There are many frameworks and methodologies that aim to improve the way we build software products and services. We wanted to discover what works and what doesn’t in a scientific way, starting with a definition of what “good” means in this context. This post presents the four key metrics to measure software delivery performance.

MEASURING SOFTWARE DELIVERY PERFORMANCE

Measuring software delivery performance is hard—in part because, unlike manufacturing, the inventory is invisible. Furthermore, the way we break down work is relatively arbitrary, and the design and delivery activities—particularly in the Agile software development paradigm—happen simultaneously. Indeed, it’s expected that we will change and evolve our design based on what we learn by trying to implement it. So our first step must be to define a valid, reliable measure of software delivery performance.

A successful measure of software delivery performance should have two key characteristics.

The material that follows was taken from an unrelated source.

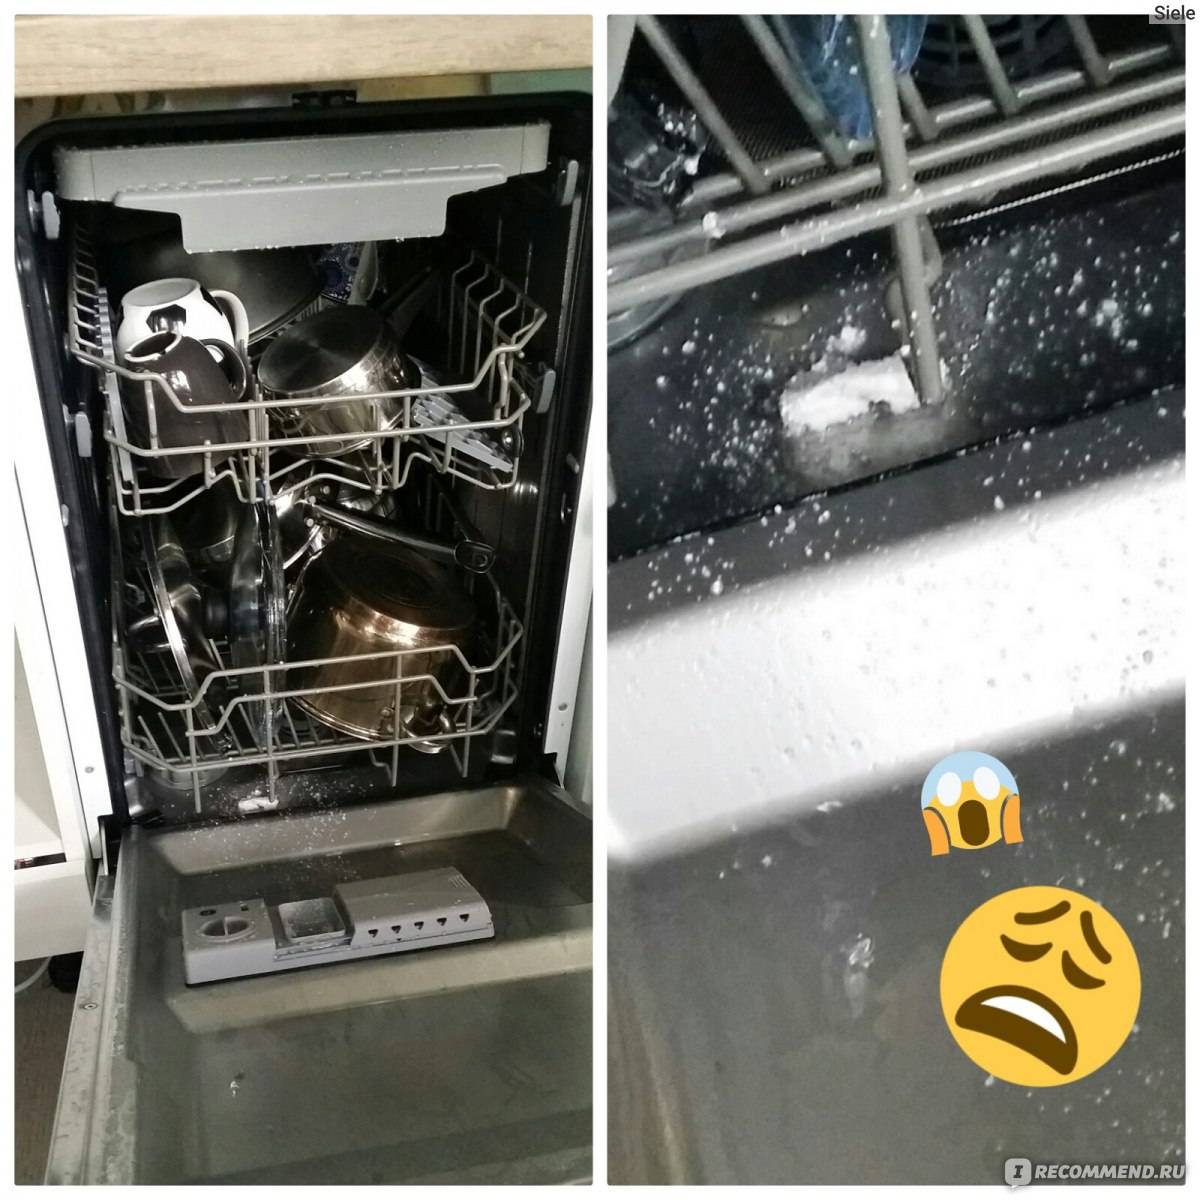 Первое включение посудомоечной машины. Посудомоечная машина Ginzzu dc508. Взорвалась посудомоечная машина. Запуск посудомоечной машины. Взрыв посудомоечной машины.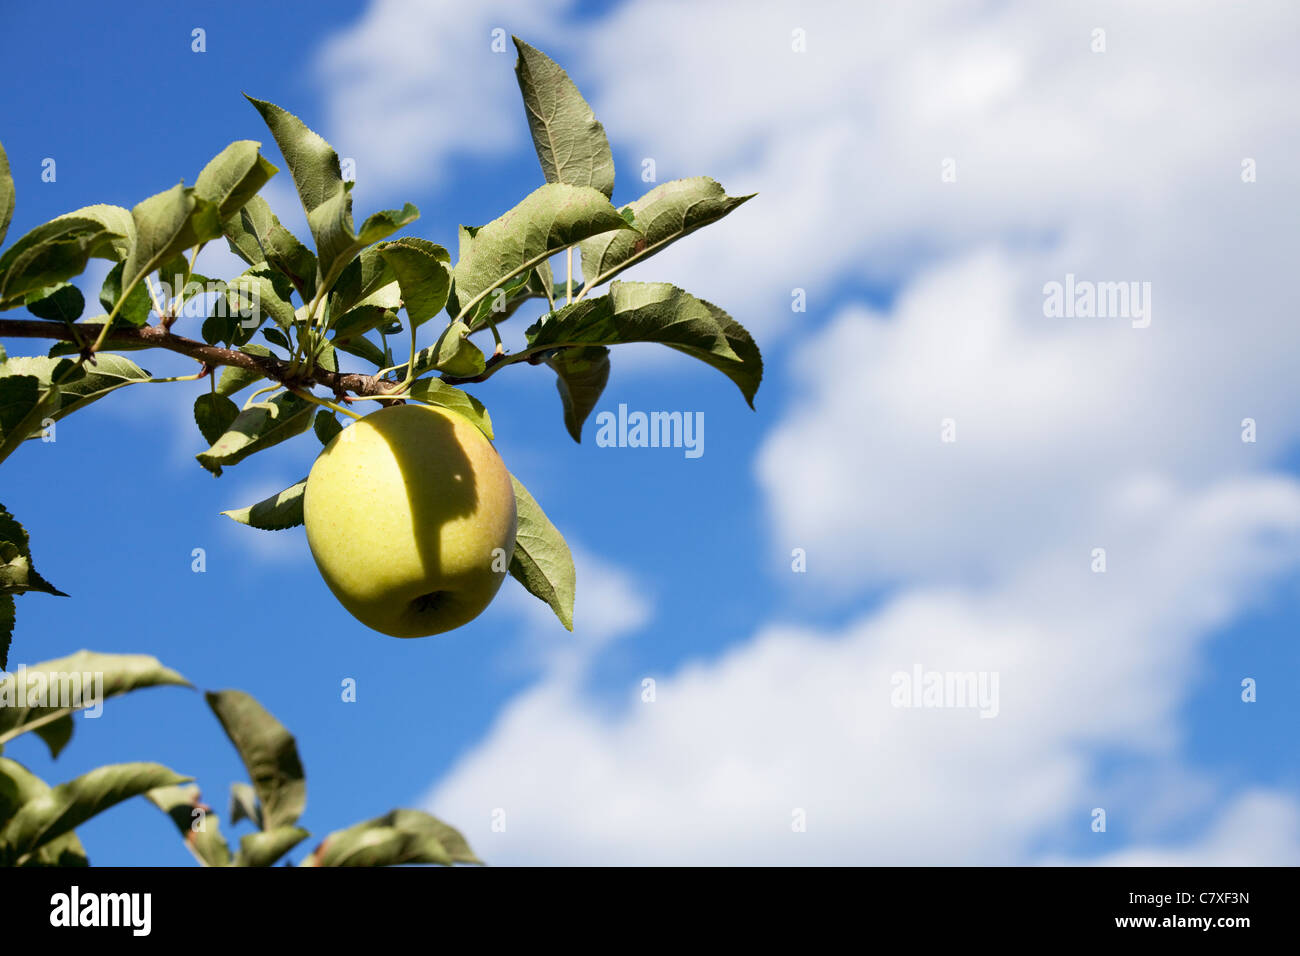 Pomme Golden delicious sur une branche contre un ciel bleu avec des nuages Banque D'Images

  • First, it should focus on a global outcome to ensure teams aren’t pitted against each other. The classic example is rewarding developers for throughput and operations for stability: this is a key contributor to the “wall of confusion” in which development throws poor quality code over the wall to operations, and operations puts in place painful change management processes as a way to inhibit change.
  • Second, our measure should focus on outcomes not output: it shouldn’t reward people for putting in large amounts of busywork that doesn’t actually help achieve organizational goals.

THE FOUR KEY METRICS 

When measuring software delivery performance, we settled on four key metrics seen in high-performing technology organizations:

  1. delivery lead time
  2. deployment frequency
  3. mean time to restore service
  4. change fail rate

1. Delivery Lead Time

The elevation of lead time as a metric is a key element of Lean theory. Lead time is the time it takes to go from a customer making a request to the request being satisfied.

However, in the context of product development, where we aim to satisfy multiple customers in ways they may not anticipate, there are two parts to lead time: the time it takes to design and validate a product or feature, and the time to deliver the feature to customers. In the design part of the lead time, it’s often unclear when to start the clock, and often there is high variability. 

However, the delivery part of the lead time—the time it takes for work to be implemented, tested, and delivered—is easier to measure and has a lower variability. The table below shows the distinction between these two domains.

Product Design and Development

Product Delivery (Build, Testing, Deployment)

Create new products and services that solve customer problems using hypothesis-driven delivery, modern UX, design thinking.

Enable fast flow from development to production and reliable releases by standardizing work, and reducing variability and batch sizes.

Feature design and implementation may require work that has never been performed before.

Integration, test, and deployment must be performed continuously as quickly as possible.

Estimates are highly uncertain.

Cycle times should be well-known and predictable.

Outcomes are highly variable.

Outcomes should have low variability.

Shorter product delivery lead times are better since they enable faster feedback on what we are building and allow us to course correct more rapidly.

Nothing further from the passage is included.